In my visits to Peru I always try to fit in by wearing no name brand stuff like jeans, tennis shoes and t-shirts and I don't wear a lot of make up.....that's all I can say. People out there were really nice to me and I never had any trouble with anyone. I loved my visit to Peru.
Julie, Houston, USA


Women usually cover up -- avoid unwanted attention by sticking to jeans/pants or knee length shorts/skirt with tops that have sleeves. This is the general attire here. Polo tops are popular and very comfortable. Natural fibers are the best for work clothing/suits etc.
Louise, Sydney, Australia

I have lived in the Philippines before. If you are travelling to this destination I suggest: any conservative outfit such as t-shirt and long pants (lightweight but not transparent). No jewelry. Revealing clothes attracts gropers, rude men and pickpockets. A handkerchief is handy to wipe off sweats, or just to protect your nose from smog.
Jennifer, Orlando, U.S.A.

You can wear ANYTHING in the Philippines especially in the main cities. Shorts and sandals work best with the weather
Weng, Manilla

In Manilla people dress very well . Business women wear designer clothes but they avoid black. P.S. If you are travelling with a man you can pass this info along--Business attire for men may be suits or at least white or light shirts with a tie. For social occasions, men wear a "barong tagalog" or an open shirt.
Ruth Halcomb, Sherman Oaks, California
Ed. note: Ruth is Editor of the newsletter, Network for Living Abroad, a resource for study, work, living and travel abroad. It's great! Want to know how to get a subscription? Contact her at

Because of the heat and humidity, try to wear lightweight clothes made primarily from natural fibers, preferably cotton. Carry a collapsible hand fan and use it when necessary. Take a flashlight, baby powder and industrial strength deodorant. In a country where power failures and reductions ("brown-outs") are frequent, a flashlight is essential. In the Philippines, count on three to four hours of brown-outs (ergo no air-conditioning) per day. If you are trying to conduct business under these conditions, you'll be grateful you remembered to douse yourself with baby powder before leaving your hotel in the morning.
Barb Ouimet, Montreal, Canada

Proper attire is very important in the Philippines.
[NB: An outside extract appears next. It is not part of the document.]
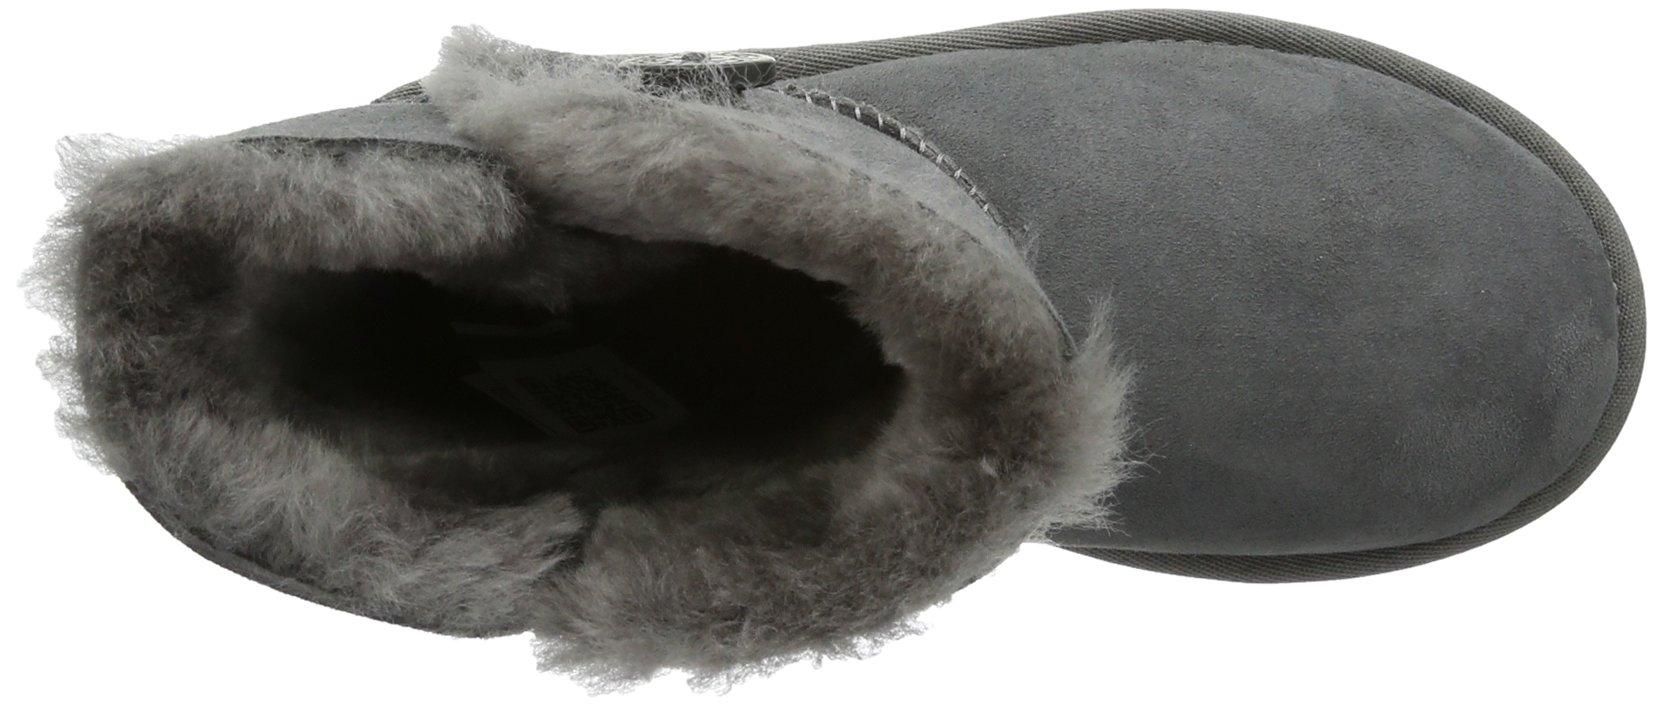 Ugg Australia Bailey Button Girls' Boots, gris (Grigio (grey)), 9 UK Child by UGG (Image #7)

When going to a bank, or other business foreigners will be better treated by dressing in something more formal than shorts, flipflops and a tank top. Foreigners that dress in beachwear everywhere they go will be viewed poorly. When visiting a home, look for a row of shoes at the entrance - this is a sign that you should also take off your shoes.
Joan, Tuscon, USA

Pack shorts, skirts and t-shirts. This is what I saw being worn there as it is always hot, even after it has rained. But malls, cinemas and hotels are all air-conditioned so that you will get very cold in a shorts and t-shirt outfit. I suggest you carry a light, cotton shawl (easy to carry and put in a handbag) at least to protect your arms when you're indoors.